To explore the relationship between enhancers and the anchored border of stripe domains genome-wide, we determined the average relative position of ChIP-seq profiles for the enhancer histone marks (H3K27ac and H3K4me1), as well as the pluripotency-specific transcription factors (TF) Nanog, Oct4, and Sox2 with respect to the TAD classes in ESCs. TAD classes in the repressive compartment exhibited weaker ChIP signals compared to active compartment TAD classes (Supplementary Fig. 3a), thus we focused our analyses on active compartment TADs. We observed distinct distributions of enhancer marks and TFs among the TAD classes. Loop domains had an overall lower ChIP-seq signal for both enhancer marks, as well as TFs compared to stripe domains (Supplementary Fig. 3a), likely reflecting the overall active state of the stripe domain class. In addition to these signal differences, the distribution of the histone marks and TFs was very different in the stripe domains, where the signal was maximal at the anchored border and progressively decreased throughout the TAD towards the unanchored border (Fig. 3c, Supplementary Fig. 3a, b).
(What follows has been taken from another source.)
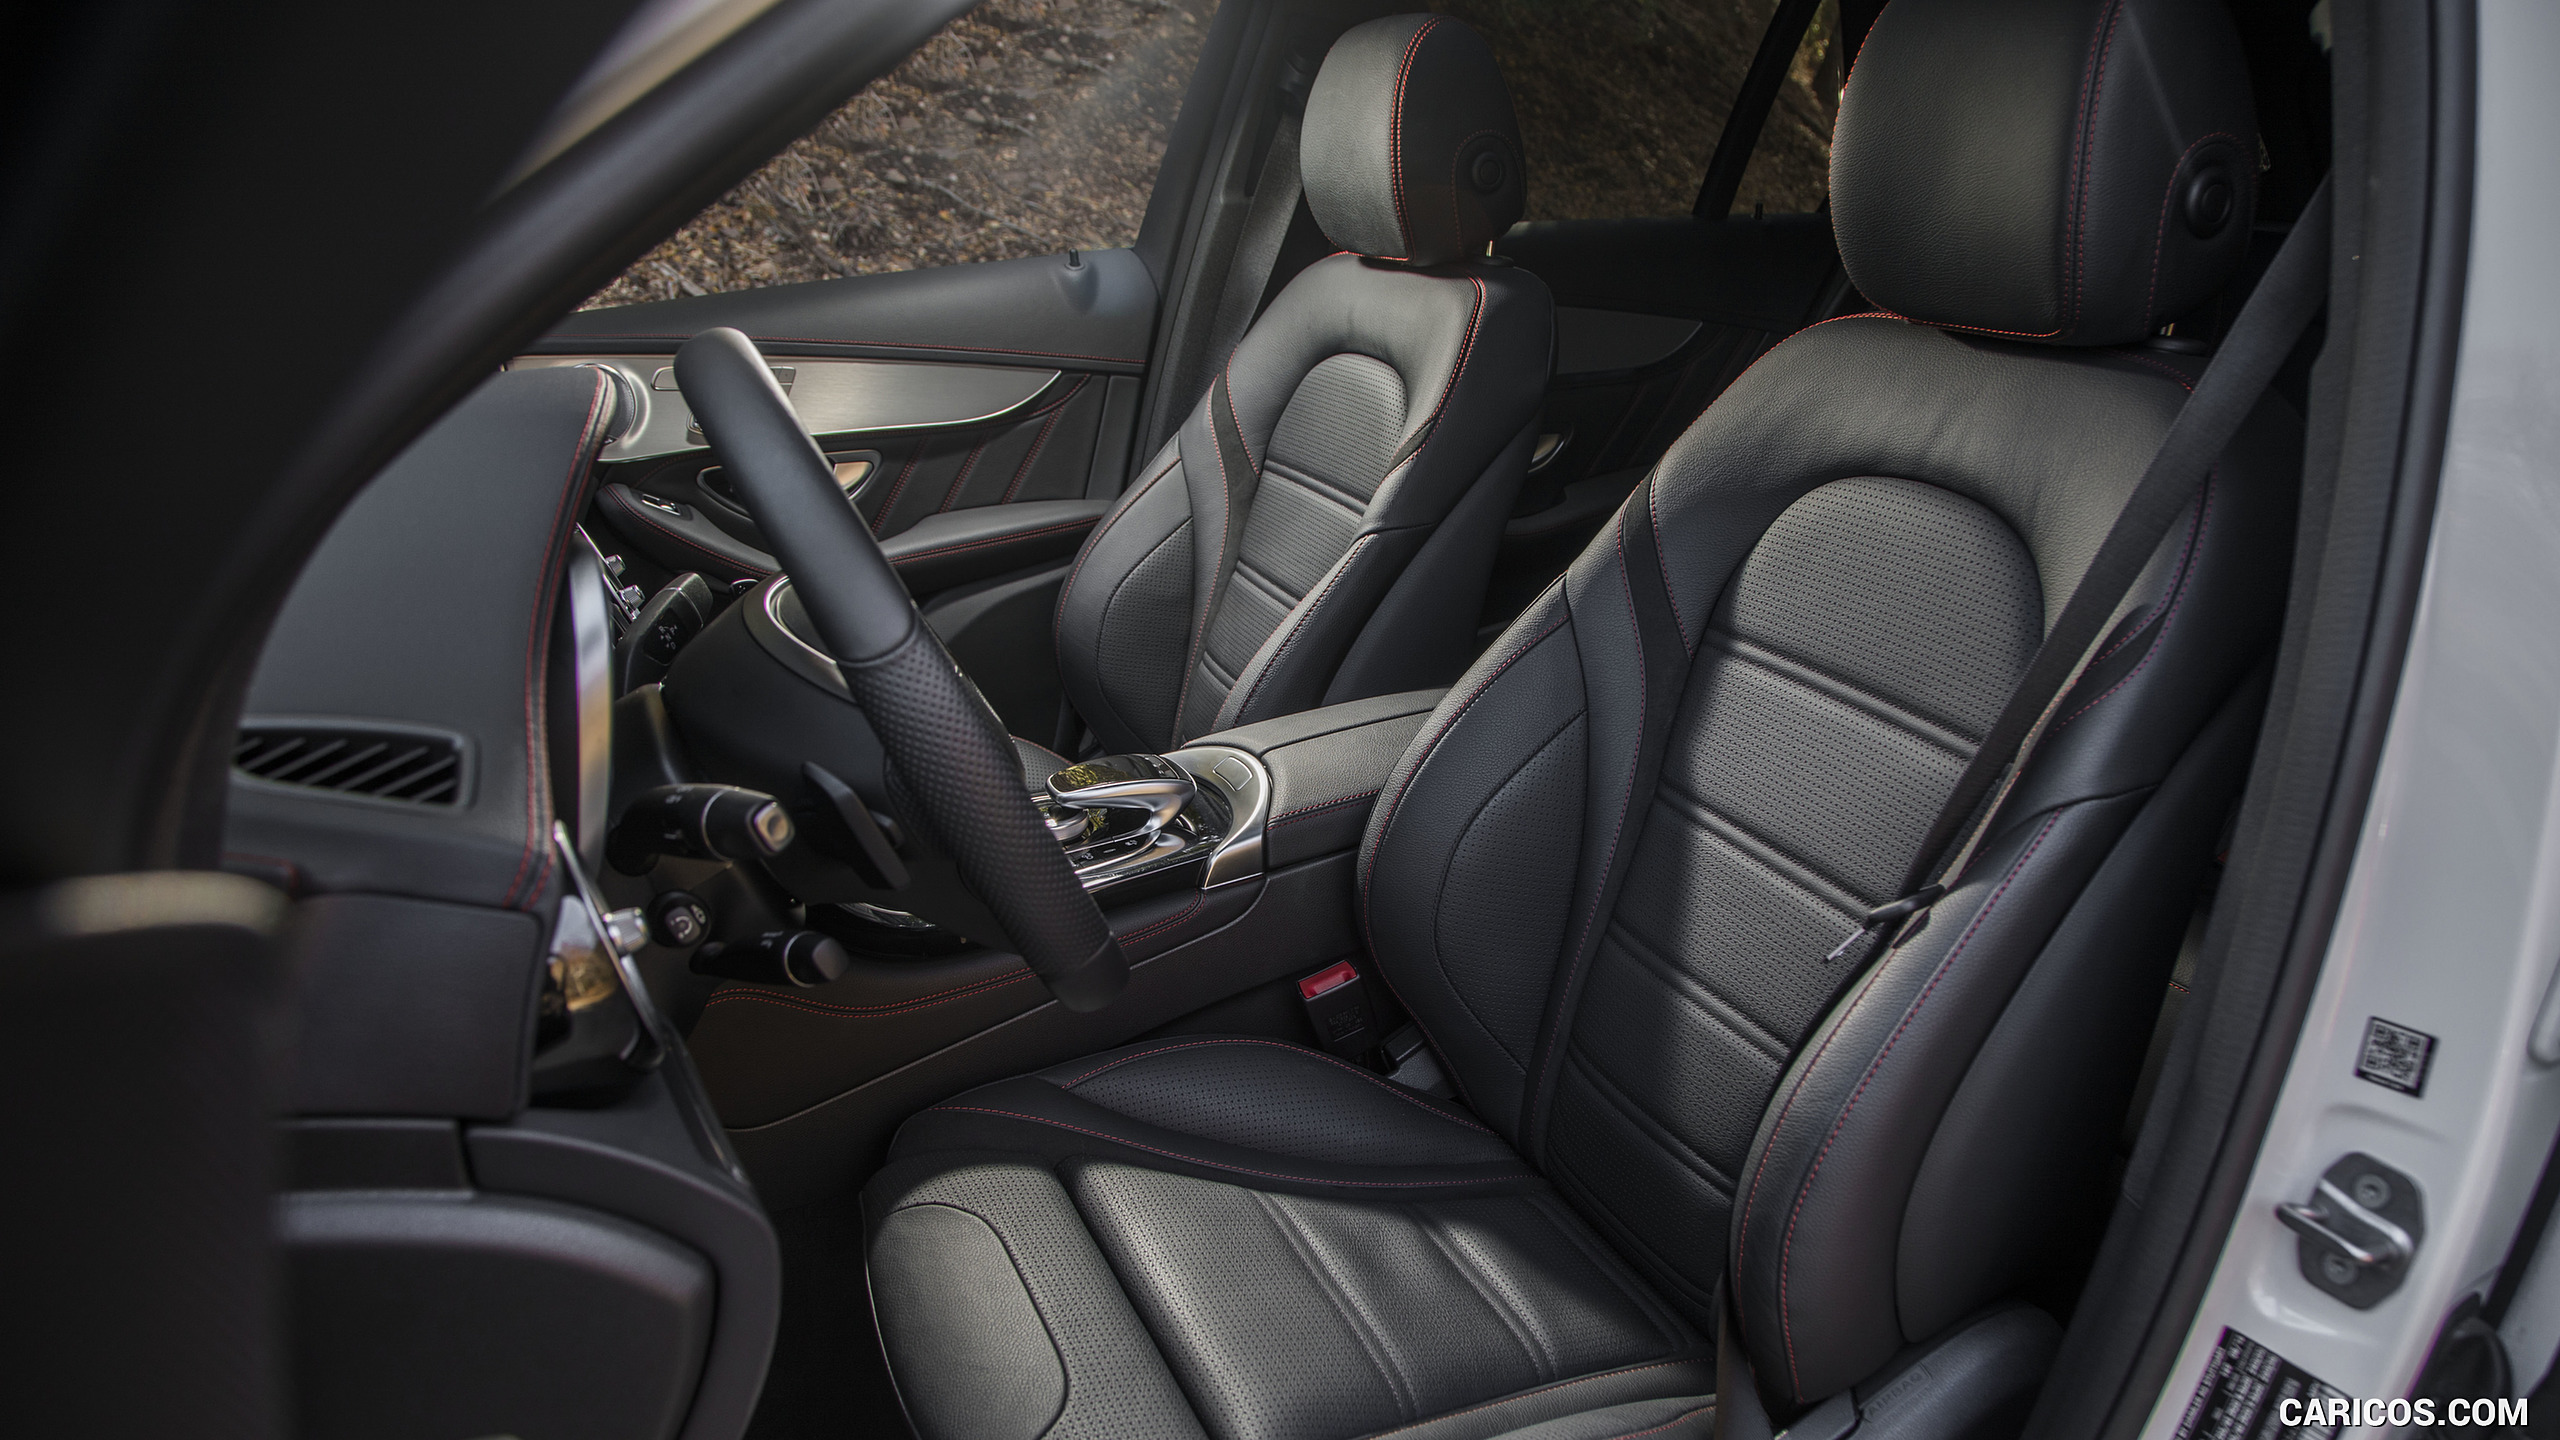 2017 Mercedes-AMG GLC 43 (US-Spec) - Interior, Front Seats, #107 of 108
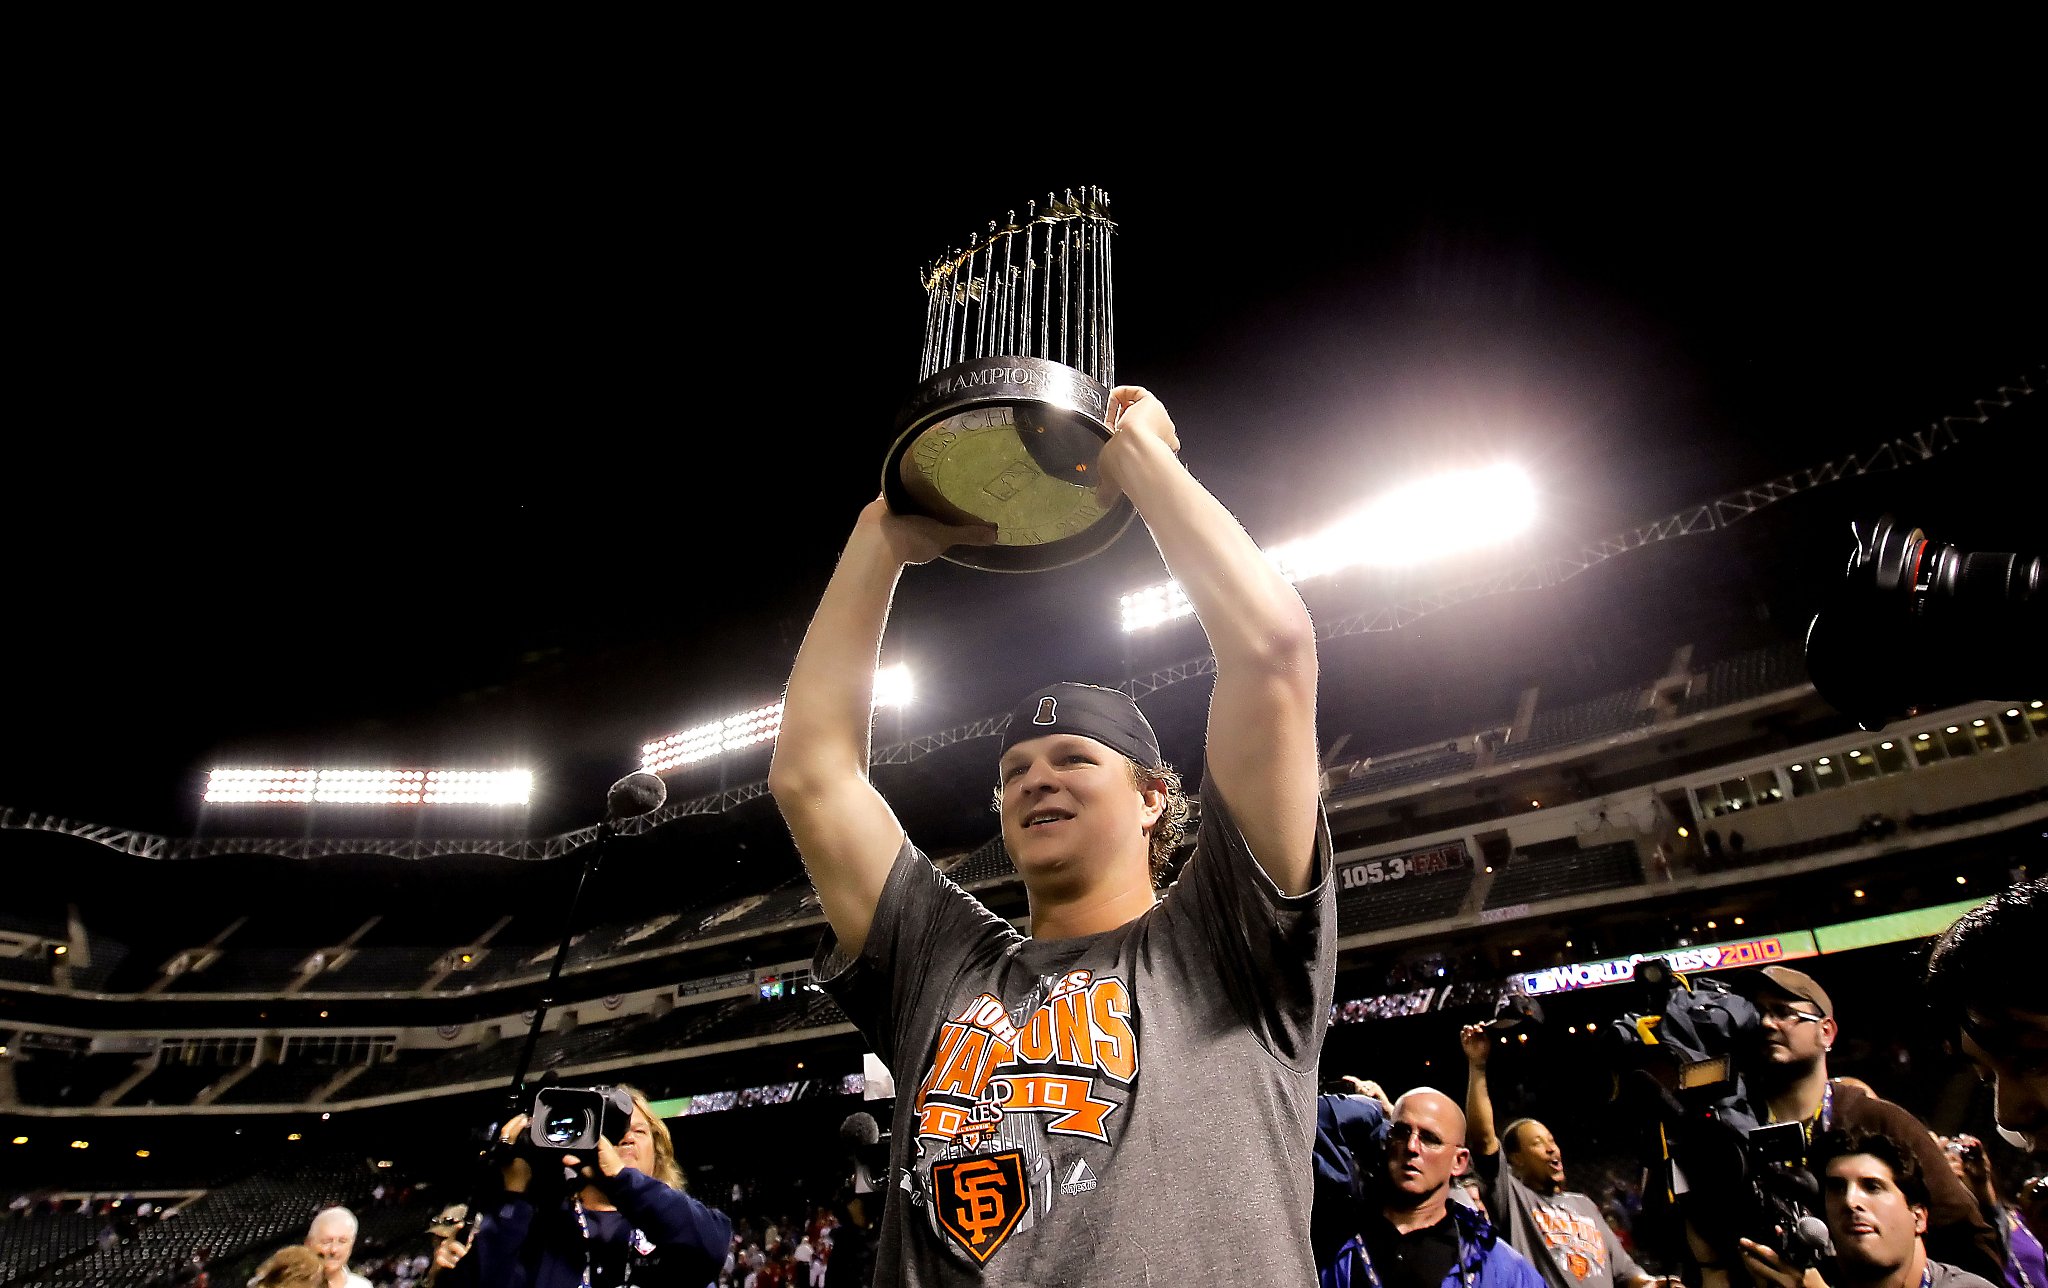 Giants Splash: 10 reflections on SF's 2010 World Series championship run

To further validate these results, we used ChromHMM to analyse the distribution of enhancer epigenetic marks and define chromatin states in active compartment TAD classes. Using H3K27ac, H3K27me3, H3K4me1, and Pol2 ChIP data, we considered four enhancer states: Primed, Poised, Active with Pol2, and Active without Pol2 in both ESC and NSC (Fig. 3d, Supplementary Fig. 3d, e Supplementary Table 2). Similar proportions of loop and stripe domains contained enhancers of all classes (Supplementary Fig. 3f). However, the distribution of enhancer elements across TAD classes was non-uniform, with specific enrichment of both Poised and Active chromatin states at the anchored border of stripe domains compared to both the unanchored border and to loop domains (Fig. 3d). Our results indicate that the localisation of poised or active enhancers at the anchored end of a stripe domain is associated with the polarity of stripe domain architecture.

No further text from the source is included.